Optimization

The Optimization process is responsible for creating a PhysicalGraph from a Query. The only outside information an Optimizer is allowed to use are captured in the data class OptimizationParameters.

Implementing an Optimizer

An Optimizer has to implement the following interface:

interface OptimizationStrategy {
    fun optimize(query: Query, params: OptimizationParameters): OptimizationResult
}

With OptimizationParameters and OptimizationResult being defined as follows:

// default value omitted
data class OptimizationParameters(
    val dataCharacteristics: DataCharacteristics,
    val taskCapacity: Long,
    val availableTasks: Int,
    val probeOrderOptimizationStrategy: ProbeOrderOptimizationStrategy,
    val partitioningAttributesSelectionStrategy: PartitioningAttributesSelectionStrategy,
    val partitioningAttributesSelection: PartitioningAttributesSelection?,
    val crossProductsAllowed: Boolean)

data class OptimizationResult(
        val physicalGraph: PhysicalGraph,
        val costEstimation: CostEstimation)

data class CostEstimation(
        val storageCost: Double,
        val probeCost: Double
)

The OptimizationParameters have default values except for the dataCharacteristics.
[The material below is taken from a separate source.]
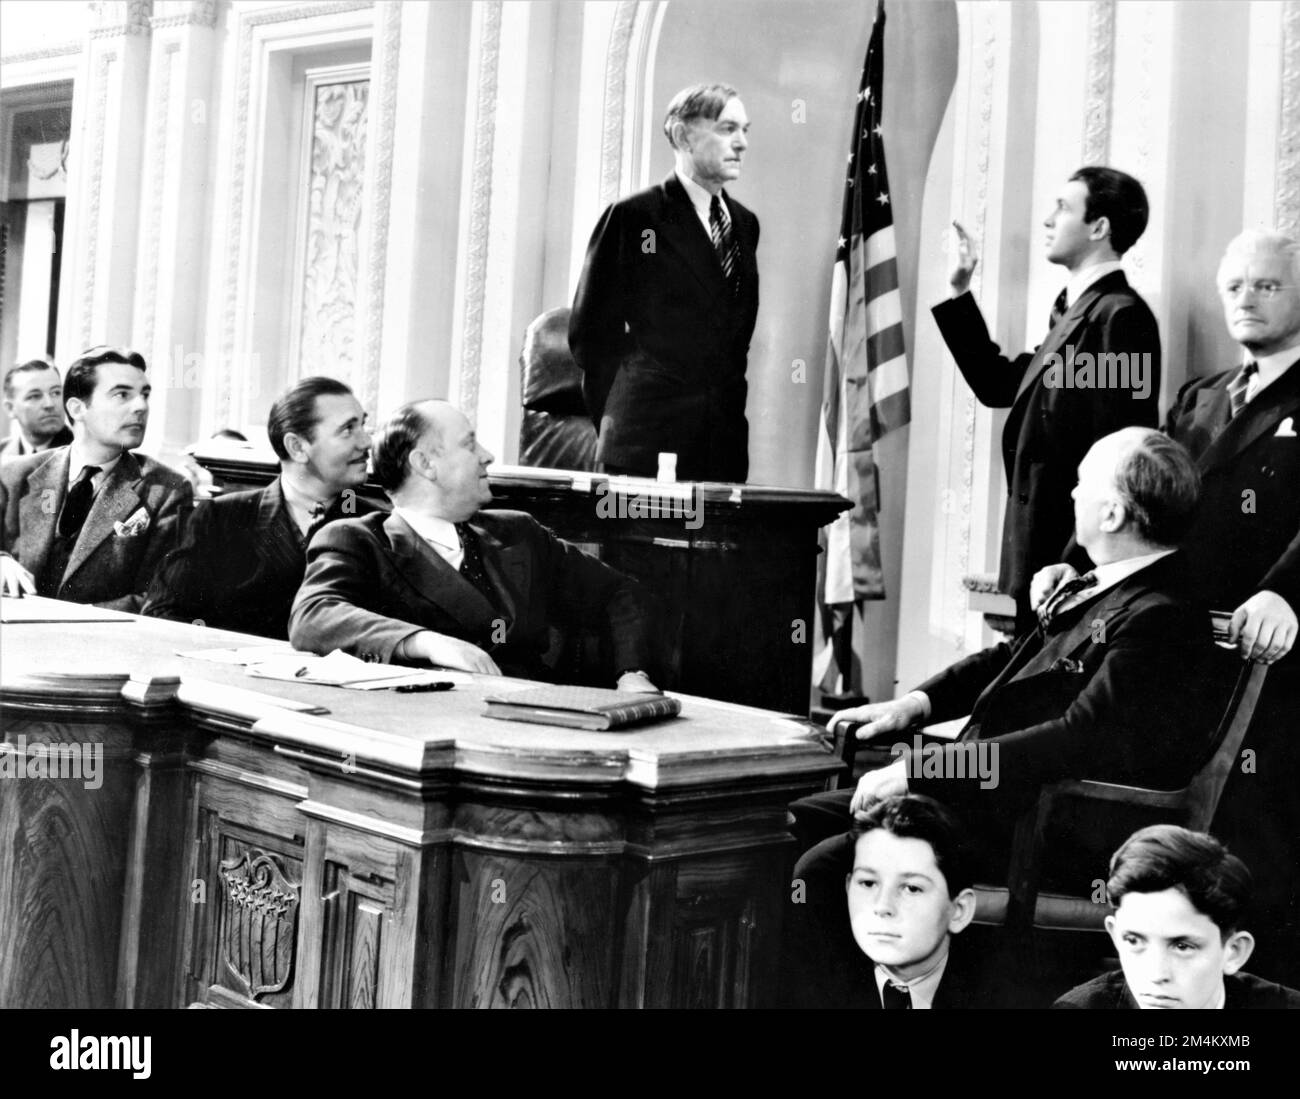 HARRY CAREY JAMES STEWART and CLAUDE RAINS in MR. SMITH GOES TO WASHINGTON 1939 director FRANK CAPRA story Lewis R. Foster screenplay Sidney Buchman music Dimitri Tiomkin Columbia Pictures Stock Photo

They can be modified, e.g. by command line flags using the CLI. The idea is, that it should be easy to add new parameters to the optimization process which do not influence other optimizers.

The same holds for CostEstimation. It might be that an optimizer can express more cost.

A custom optimizer looks from far away like this:

class MyOptimizer : OptimizationStrategy {
    override fun optimize(query: Query, params: OptimizationParameters): OptimizationResult {
        val graph = // something using query and params
        val cost = // maybe the cost are collected in a local data structure
        return OptimizationResult(graph, cost)
    }
}

Tree based optimization

An important class of optimizers uses join trees as intermediate data structures. For those, there is the abstract TreeStrategy class. Subclasses of that class need to implement

abstract fun optimizeTree(query: Query, params: OptimizationParameters): TreeOptimizationResult

// with this result type:
data class TreeOptimizationResult(
        val tree: MaterializationTree,
        val costEstimation: CostEstimation)

The TreeStrategy’s optimize method cares about translating the created MaterializationTree into a Physical Graph.